王爱红, 姚浔平, 冷朋波, 谷少华, 王群利, 陆蓓蓓, 方兰云. 宁波市某城区2015—2017年大气PM2.5中重金属和多环芳烃分布特征分析[J]. 环境与职业医学, 2018, 35(11): 1012-1018. DOI: 10.13213/j.cnki.jeom.2018.18310
引用本文: 王爱红, 姚浔平, 冷朋波, 谷少华, 王群利, 陆蓓蓓, 方兰云. 宁波市某城区2015—2017年大气PM2.5中重金属和多环芳烃分布特征分析[J]. 环境与职业医学, 2018, 35(11): 1012-1018. DOI: 10.13213/j.cnki.jeom.2018.18310
WANG Ai-hong, YAO Xun-ping, LENG Peng-bo, GU Shaohua, WANG Qun-li, LU Bei-bei, FANG Lan-yun. Distribution characteristics of heavy metals and polycyclic aromatic hydrocarbons in atmospheric PM2.5 in an urban area of Ningbo from 2015 to 2017[J]. Journal of Environmental and Occupational Medicine, 2018, 35(11): 1012-1018. DOI: 10.13213/j.cnki.jeom.2018.18310
Citation: WANG Ai-hong, YAO Xun-ping, LENG Peng-bo, GU Shaohua, WANG Qun-li, LU Bei-bei, FANG Lan-yun. Distribution characteristics of heavy metals and polycyclic aromatic hydrocarbons in atmospheric PM2.5 in an urban area of Ningbo from 2015 to 2017[J]. Journal of Environmental and Occupational Medicine, 2018, 35(11): 1012-1018. DOI: 10.13213/j.cnki.jeom.2018.18310

宁波市某城区2015—2017年大气PM2.5中重金属和多环芳烃分布特征分析

Distribution characteristics of heavy metals and polycyclic aromatic hydrocarbons in atmospheric PM2.5 in an urban area of Ningbo from 2015 to 2017

  • 摘要: 目的 分析宁波市某城区大气PM2.5质量浓度(后称"浓度")及其中重金属和多环芳烃(PAHs)的分布特征和污染来源,为采取控制措施提供依据。

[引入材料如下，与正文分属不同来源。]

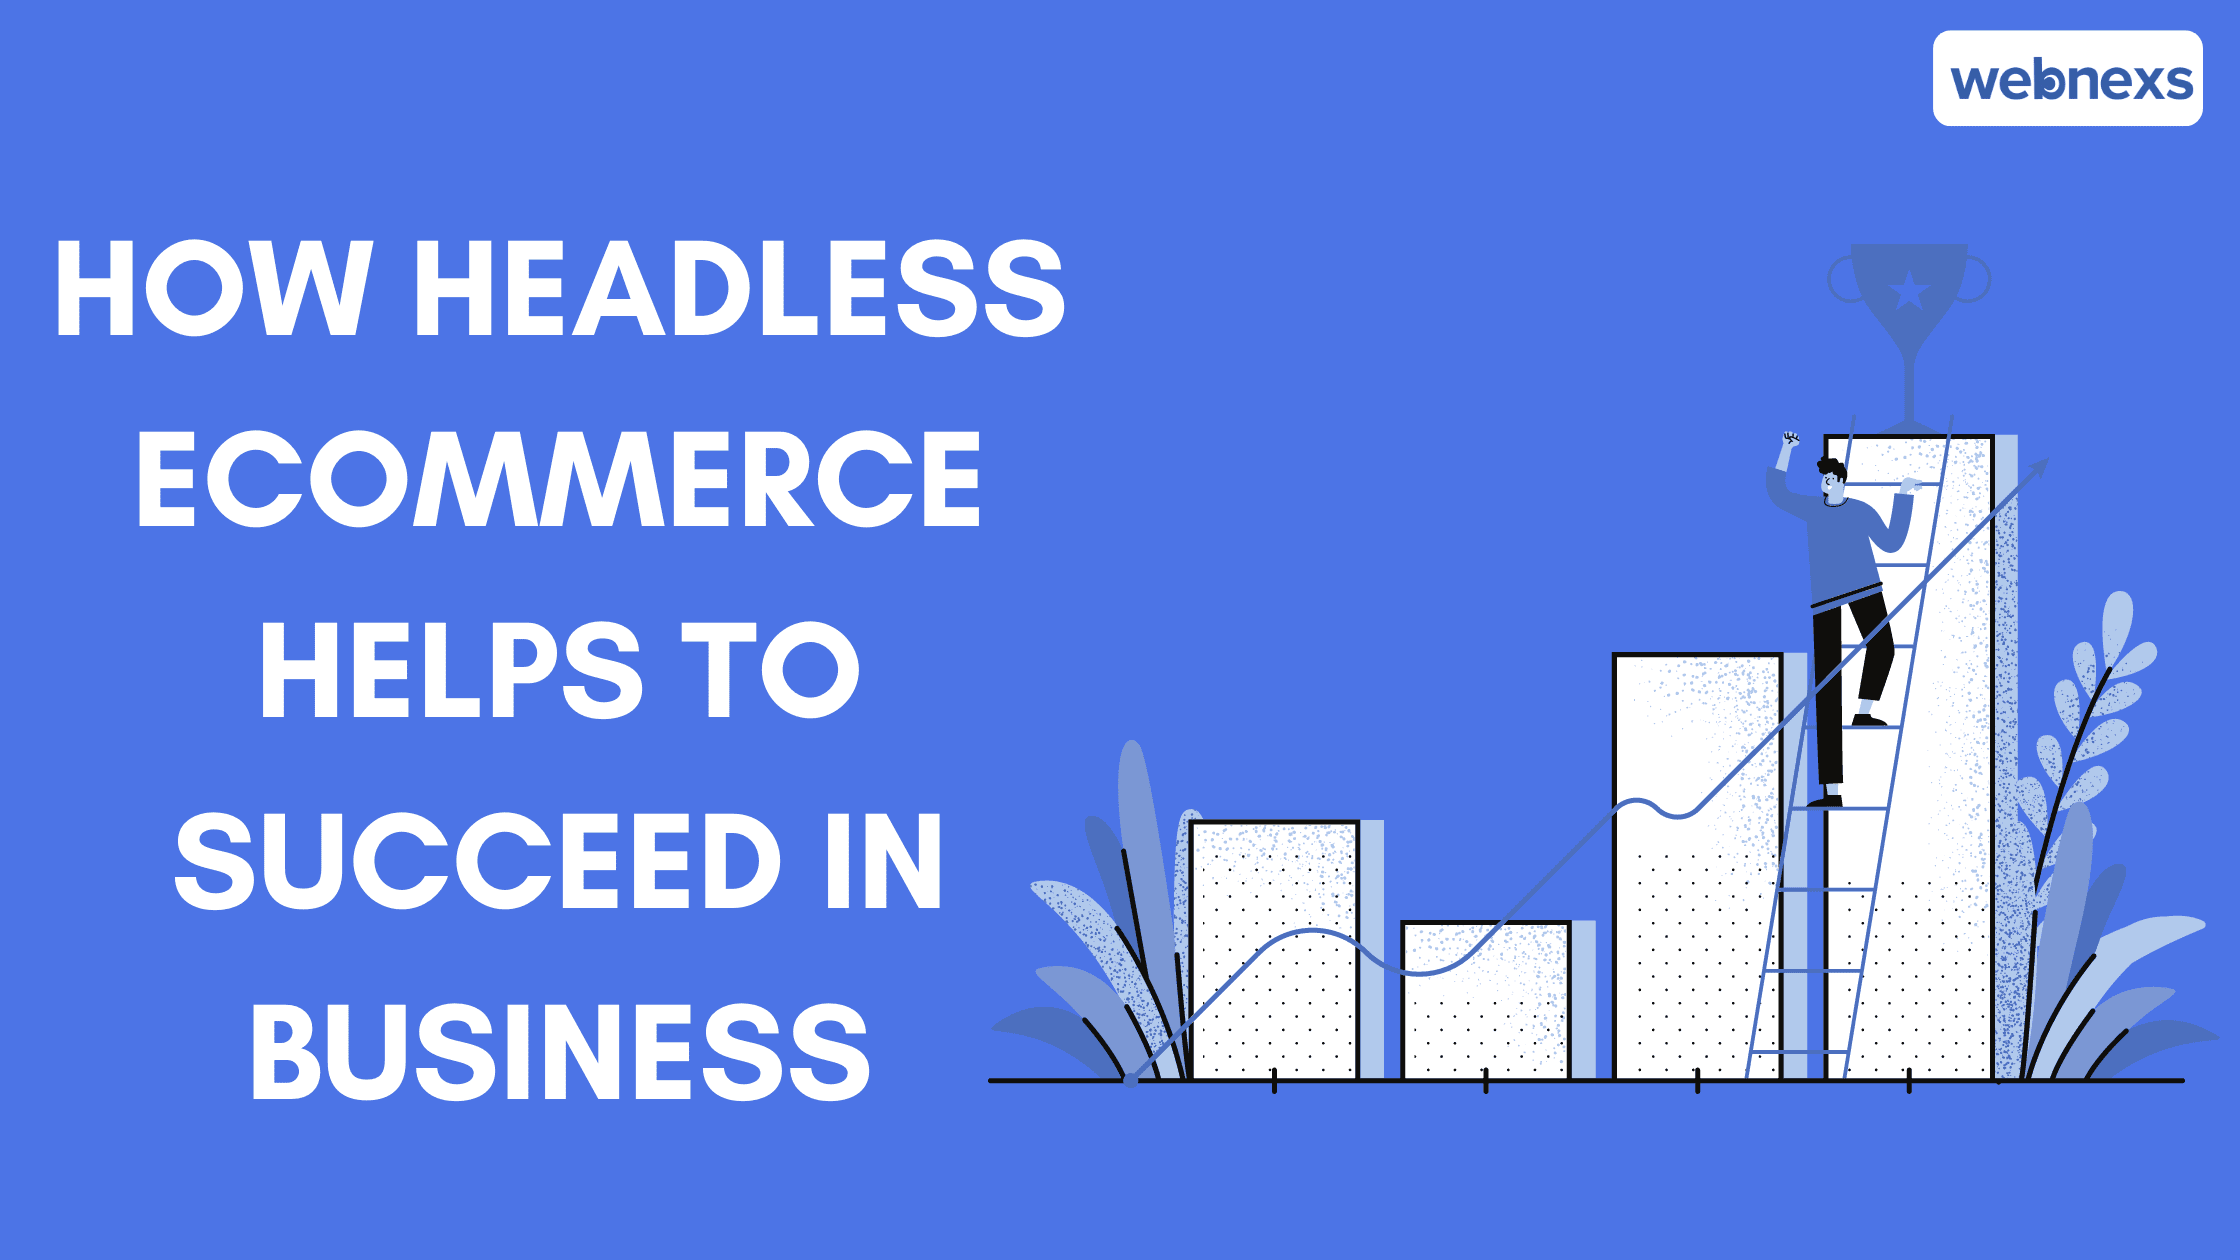 Headless ecommerce helps to succeed in business

    方法 2015-2017年每月10至17日在宁波市某城区环保国控点500 m范围内距离地面15 m高的平台采集PM2.5样品,测量其浓度。分析其中12种重金属和16种优先控制PAHs污染特征。采用富集因子法和特征比值法分别定性分析重金属与PAHs的污染来源。

    结果 该城区2015-2017年PM2.5日均浓度范围为10~196 μg/m3,年均中位浓度分别为53、46、35 μg/m3;表现为冬季>秋季>春季>夏季,差异具有统计学意义(F=25.54,P < 0.01)。该城区主要重金属污染为Pb、Mn、Ni、Sb和As;除Ni、Cr和Be外,其余重金属的浓度均存在季节差异(P < 0.01),表现为冬、春季浓度高于夏、秋季;富集因子法分析提示Cd、Se、Sb、Hg和Pb有人为污染的可能。PAHs日均浓度范围为1.28~55.22 ng/m3,表现为冬季>秋季>春季>夏季;16种优先控制污染物中居前3位的为苯并b荧蒽(BbF)、茚并(1,2,3-cd)芘(IcdP)和蒽(Ant);特征比值法结果显示该城区PAHs优先控制污染物主要来自汽油燃烧,其次为燃煤和生物质燃烧。

    结论 宁波市该城区PM2.5污染水平逐年下降,但仍处于较高水平。重金属和多环芳烃污染季节特征明显,表现为冬季污染水平较高。人为污染是重金属的主要来源,机动车尾气排放和燃煤是PAHs的主要来源。

     

    Abstract: Objective To analyze the distribution characteristics and sources of atmospheric fine particulate matters (PM2.5) and the heavy metals and polycyclic aromatic hydrocarbons (PAHs) in PM2.5, and provide evidence for the control of air pollution in Ningbo.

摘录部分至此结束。